- Dataset content:
★ ★ ★
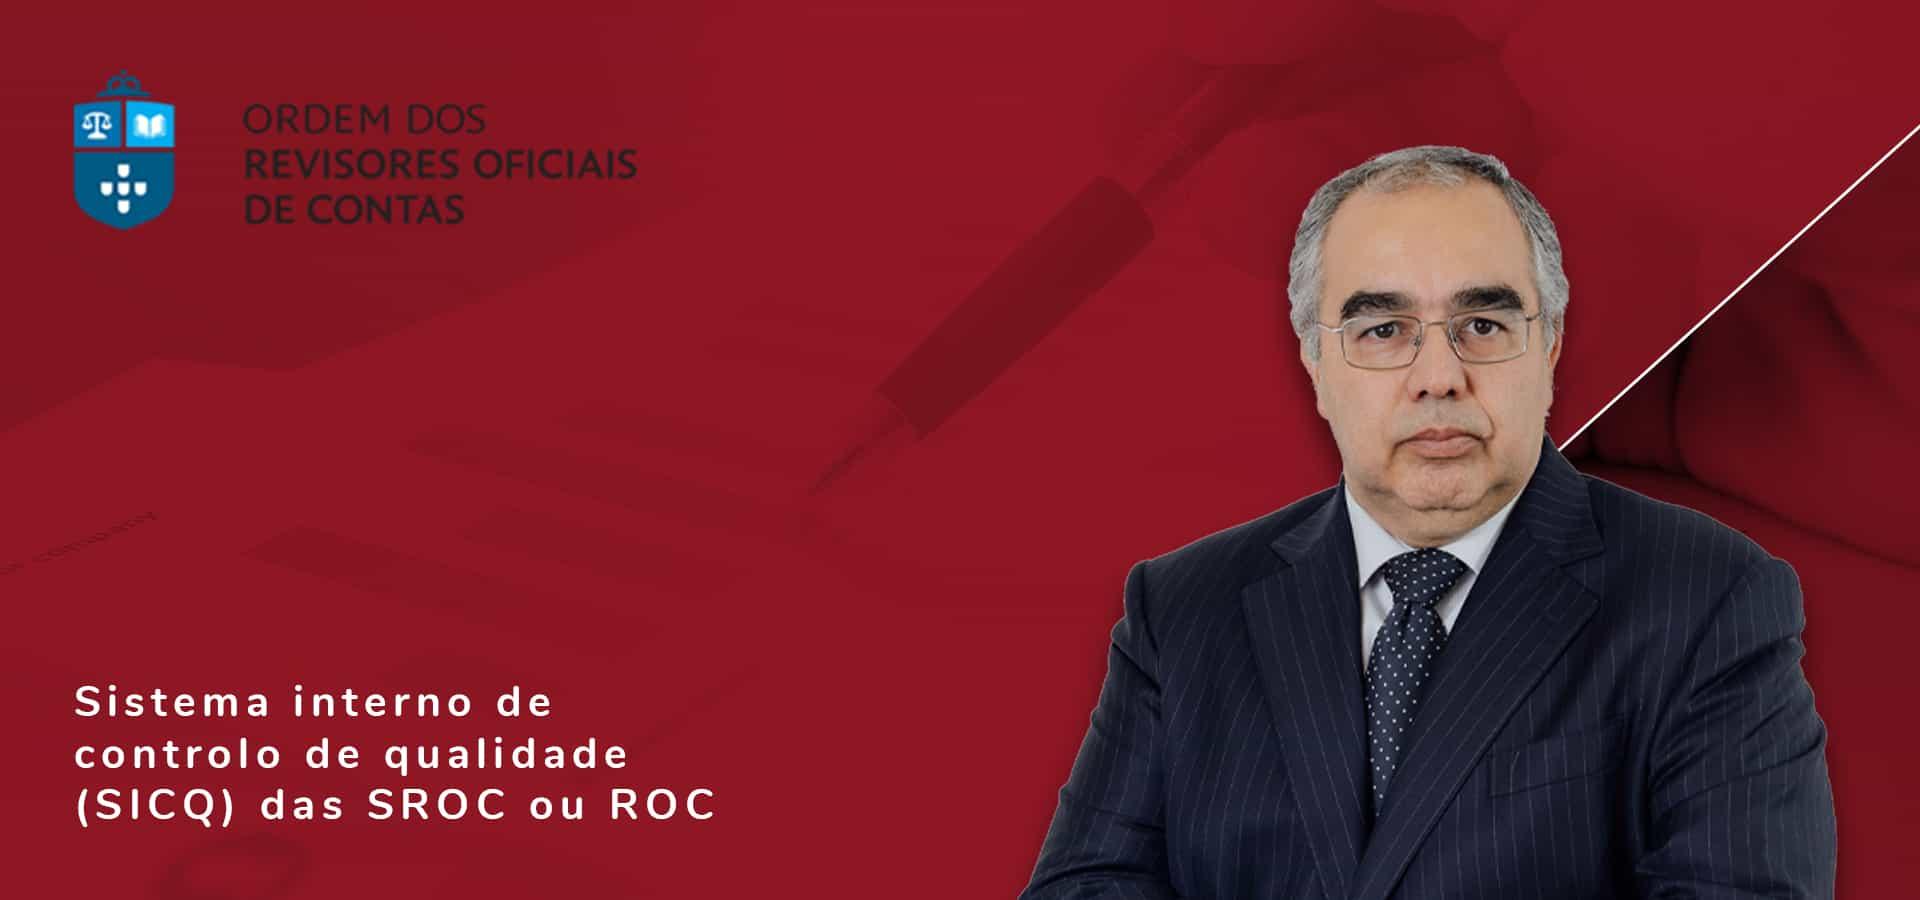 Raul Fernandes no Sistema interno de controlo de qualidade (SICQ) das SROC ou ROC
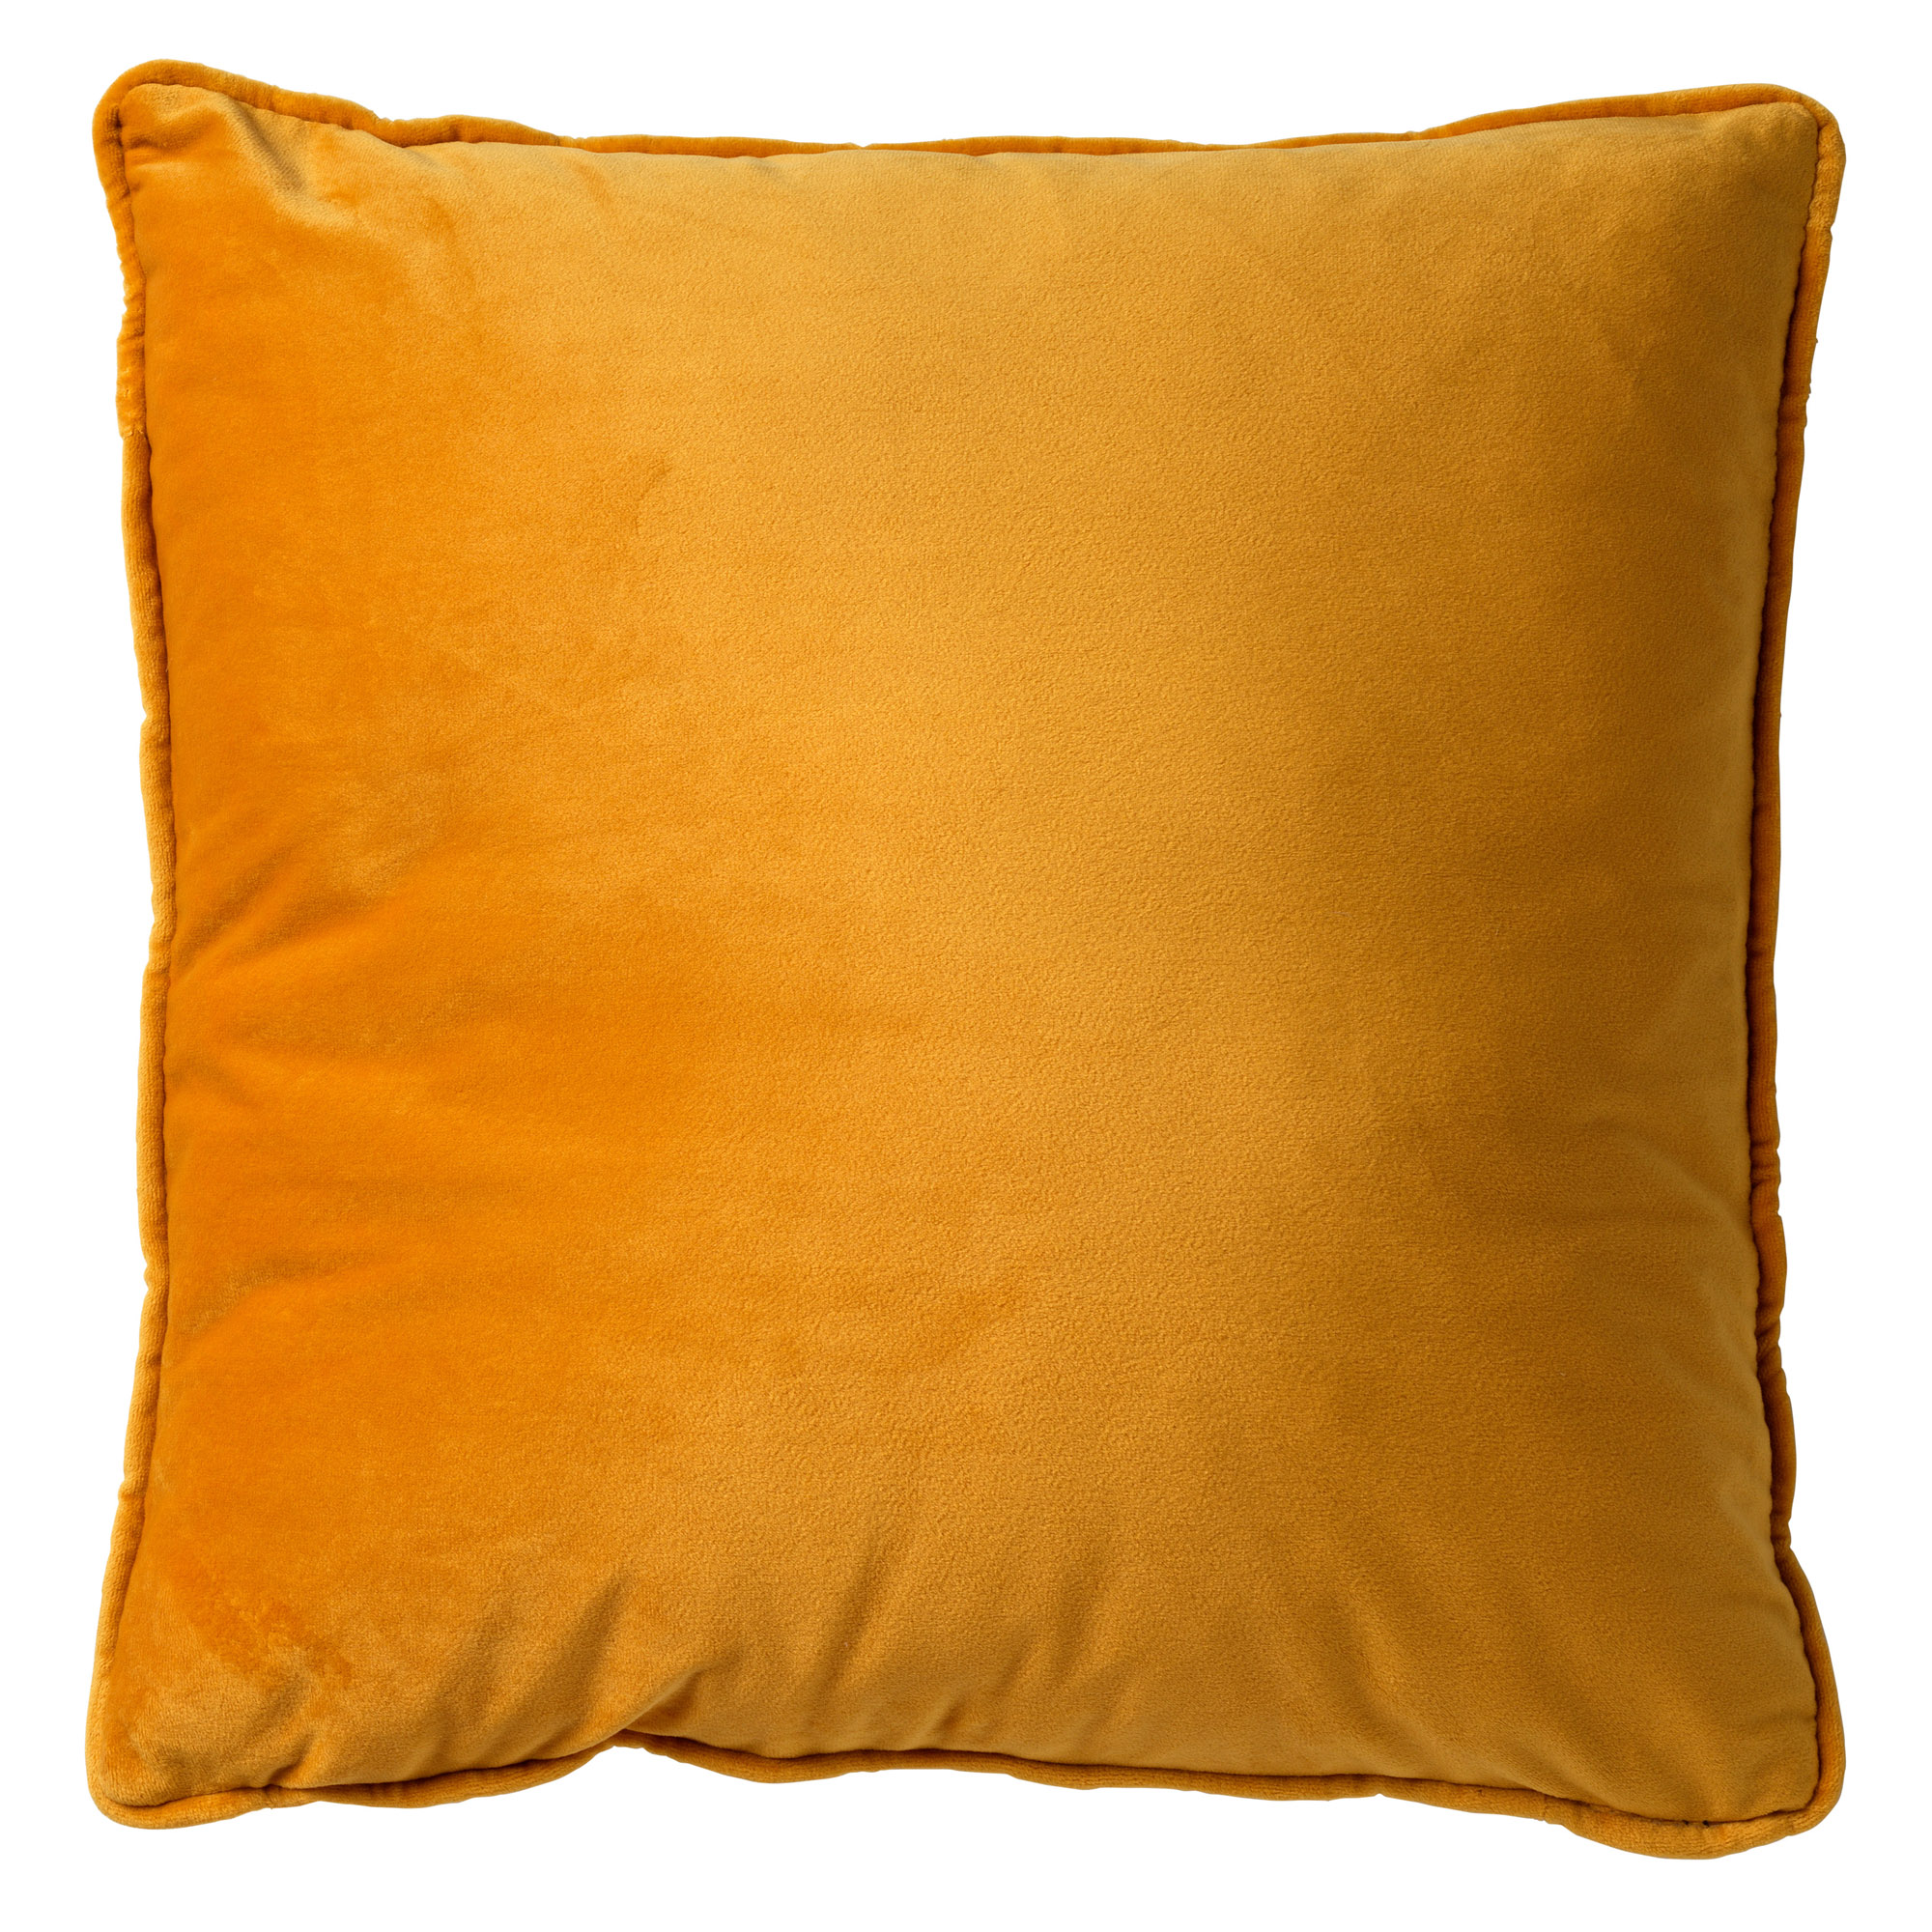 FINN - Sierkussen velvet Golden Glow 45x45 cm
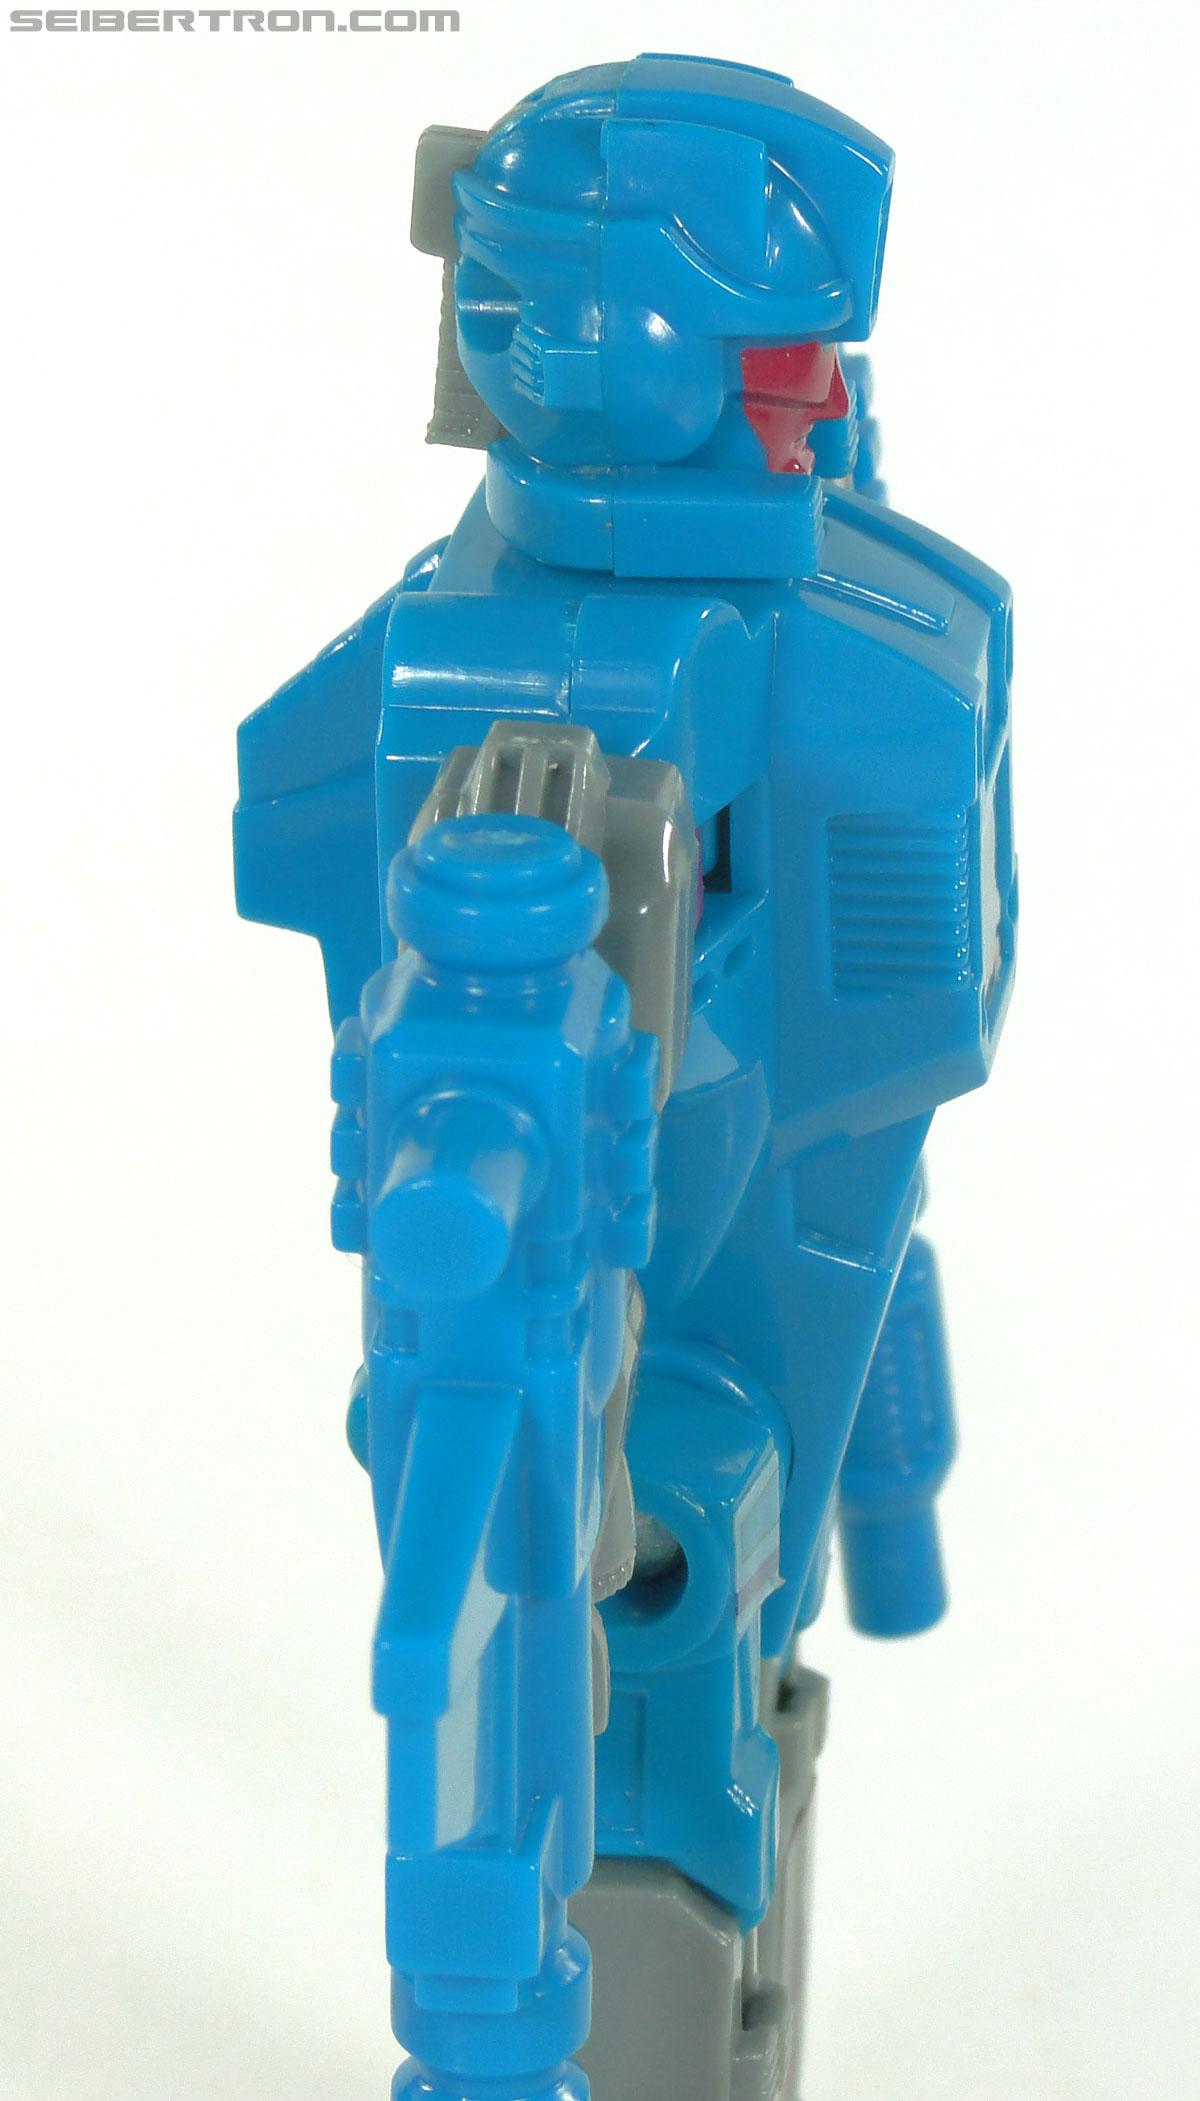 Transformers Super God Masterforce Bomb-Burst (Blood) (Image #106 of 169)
★ ★ ★
Restate the listing word for word. Pictures do not belong in the copy.

 Raul Fernandes no Sistema interno de controlo de qualidade (SICQ) das SROC ou ROC
 FINN - Sierkussen velvet Golden Glow 45x45 cm
 Transformers Super God Masterforce Bomb-Burst (Blood) (Image #106 of 169)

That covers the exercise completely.